Raw data START

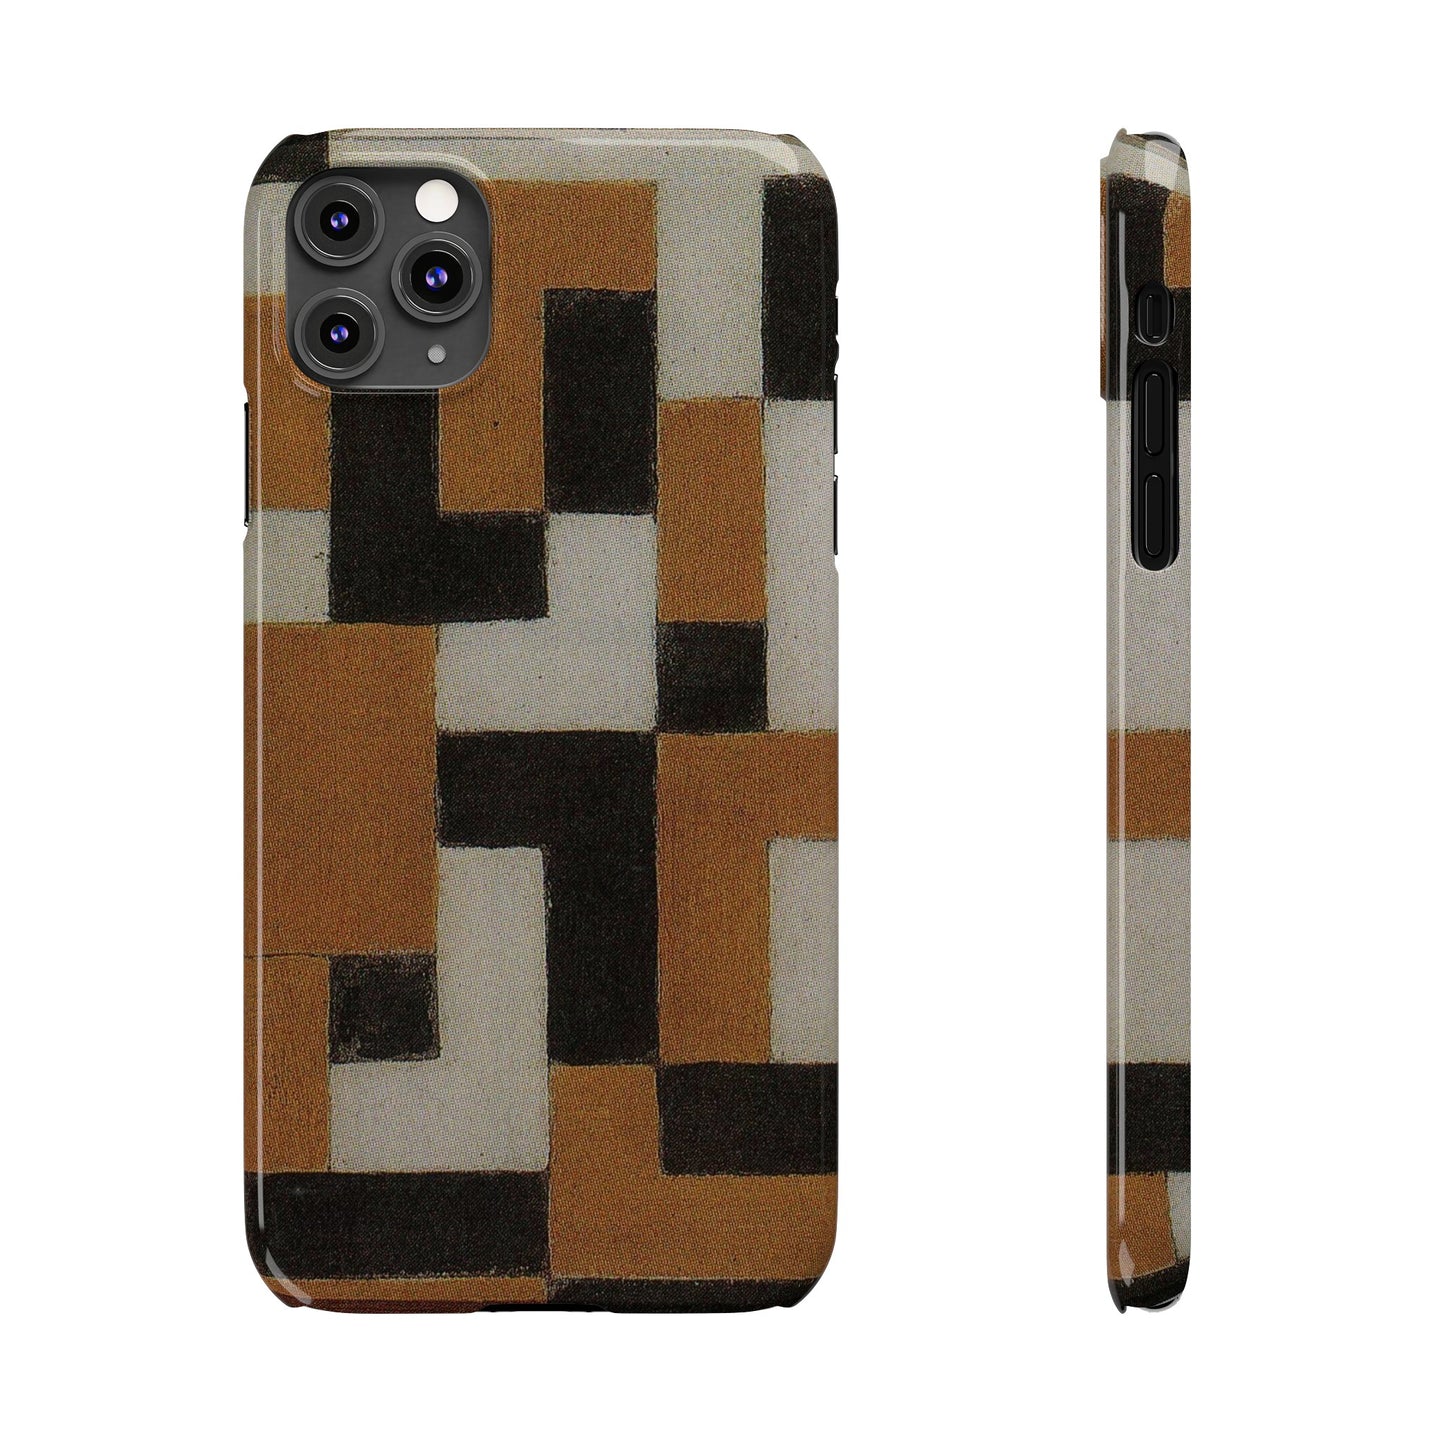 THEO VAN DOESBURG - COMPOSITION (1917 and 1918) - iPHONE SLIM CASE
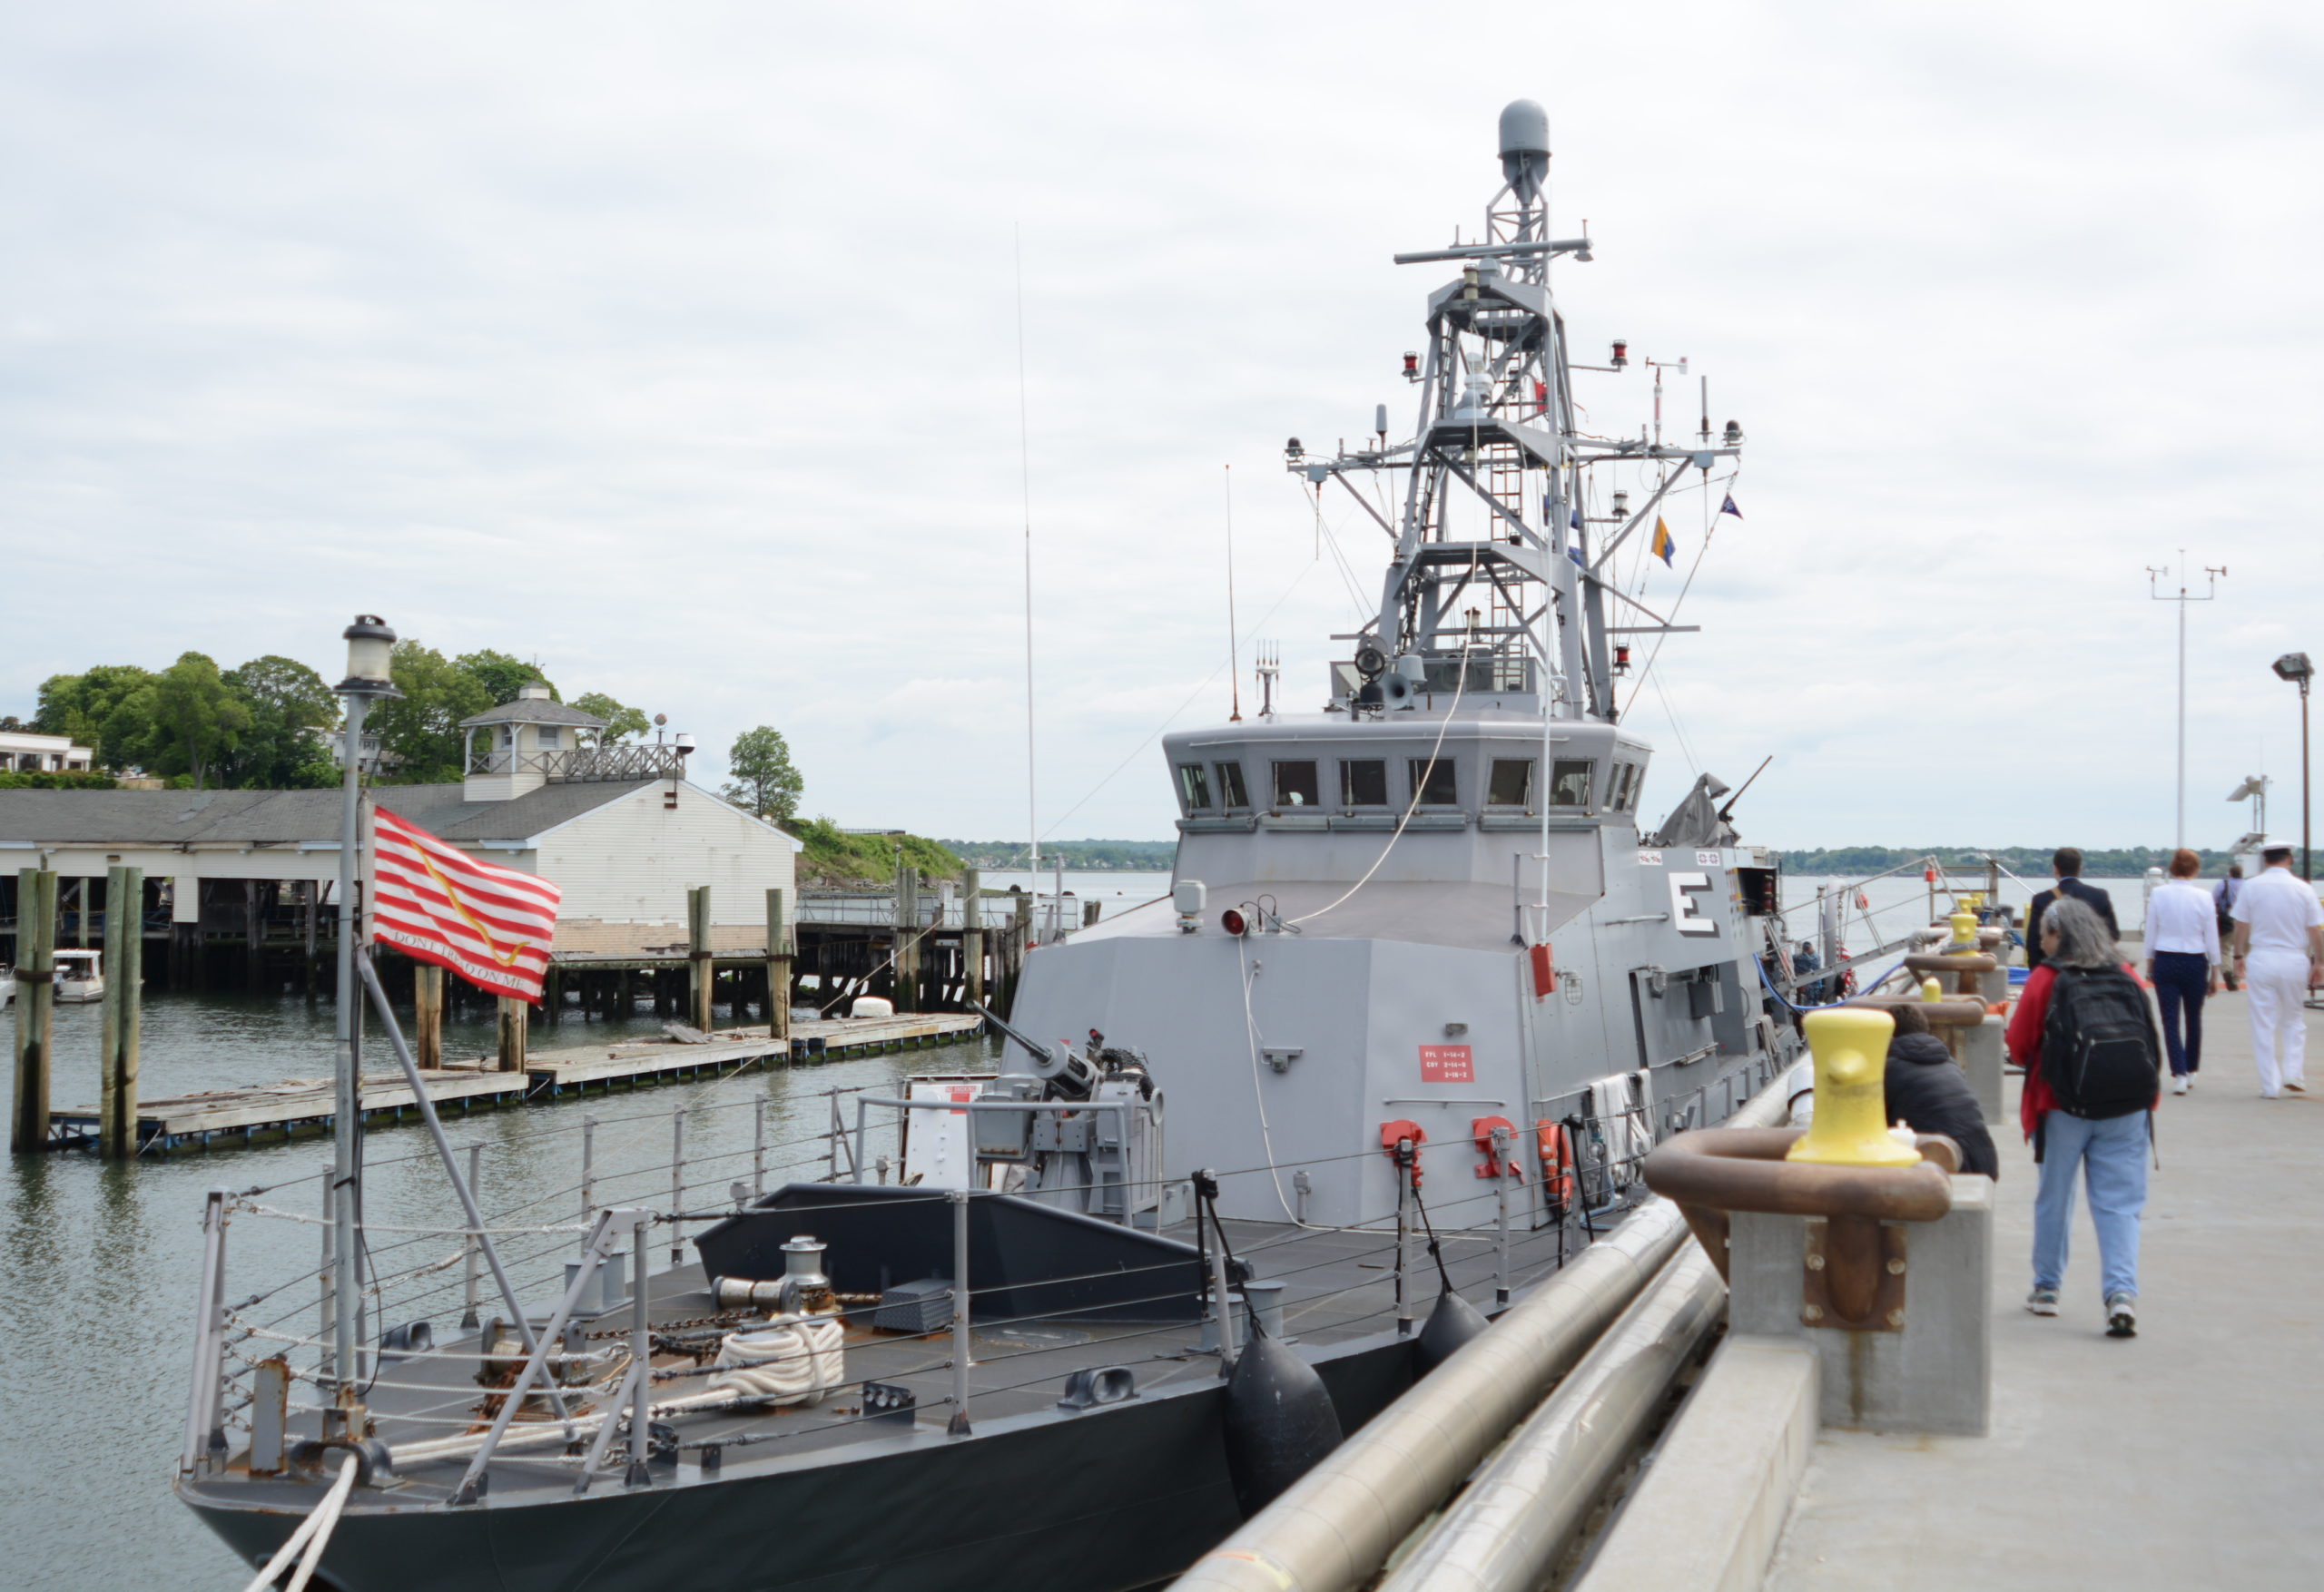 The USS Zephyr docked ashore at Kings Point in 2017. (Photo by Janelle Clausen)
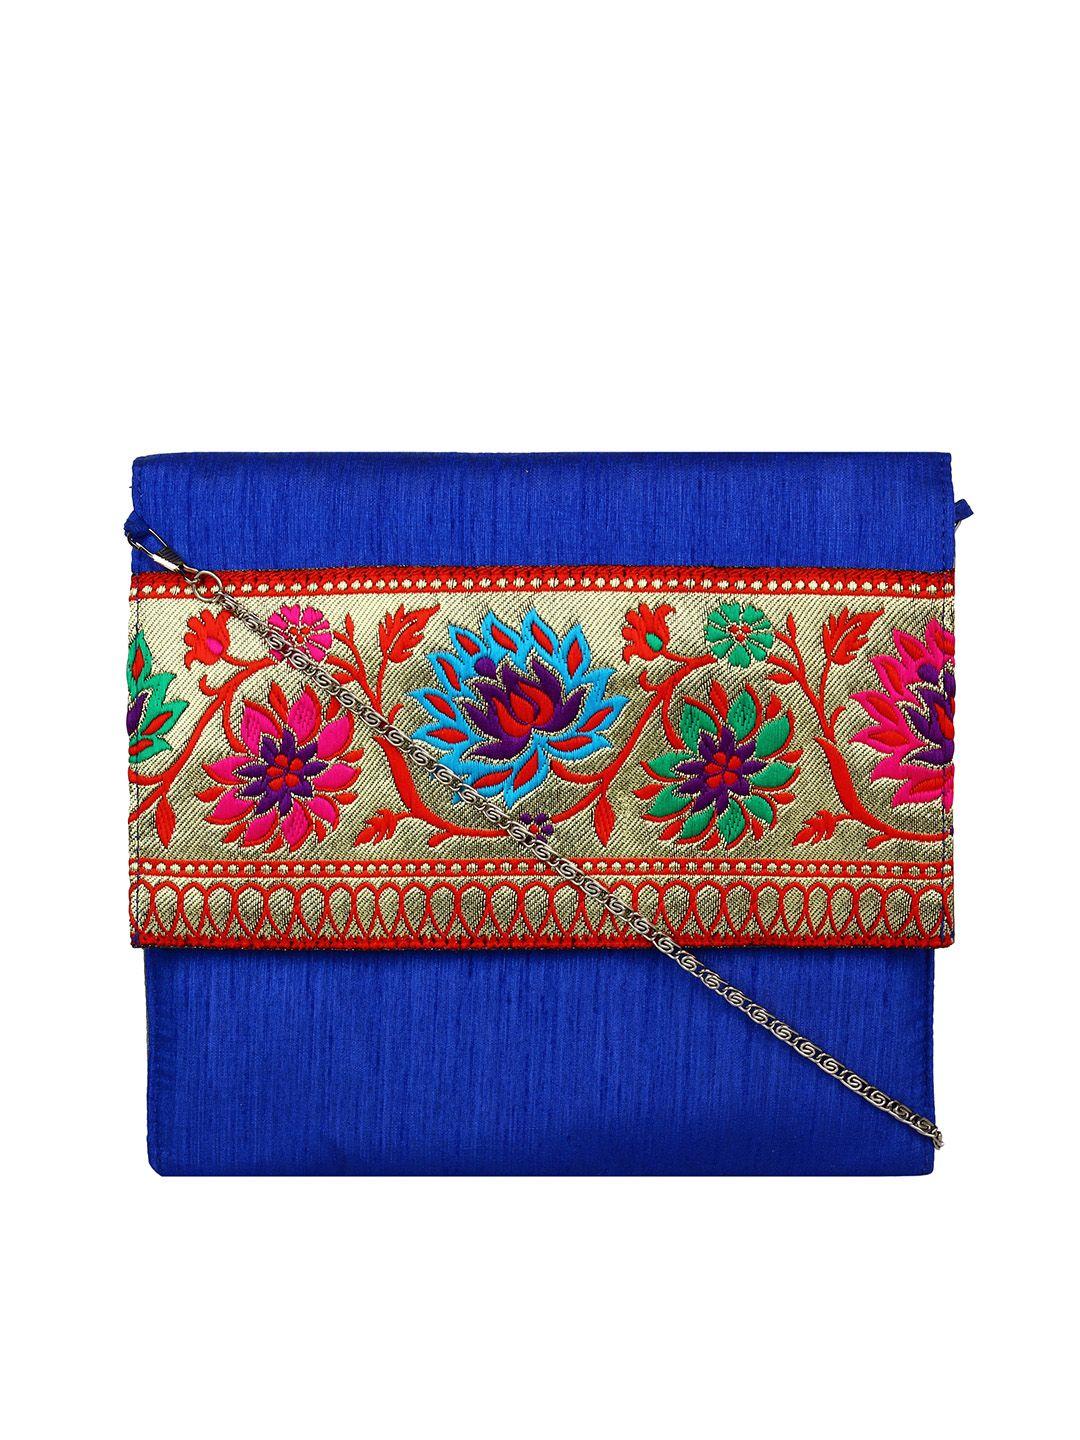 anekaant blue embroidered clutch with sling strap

Raw data END

Task instructions:
Every line above must appear in the answer unchanged, and no picture may appear in it.

Solution for this task:
 THEO VAN DOESBURG - COMPOSITION (1917 and 1918) - iPHONE SLIM CASE
 The USS Zephyr docked ashore at Kings Point in 2017. (Photo by Janelle Clausen)
 anekaant blue embroidered clutch with sling strap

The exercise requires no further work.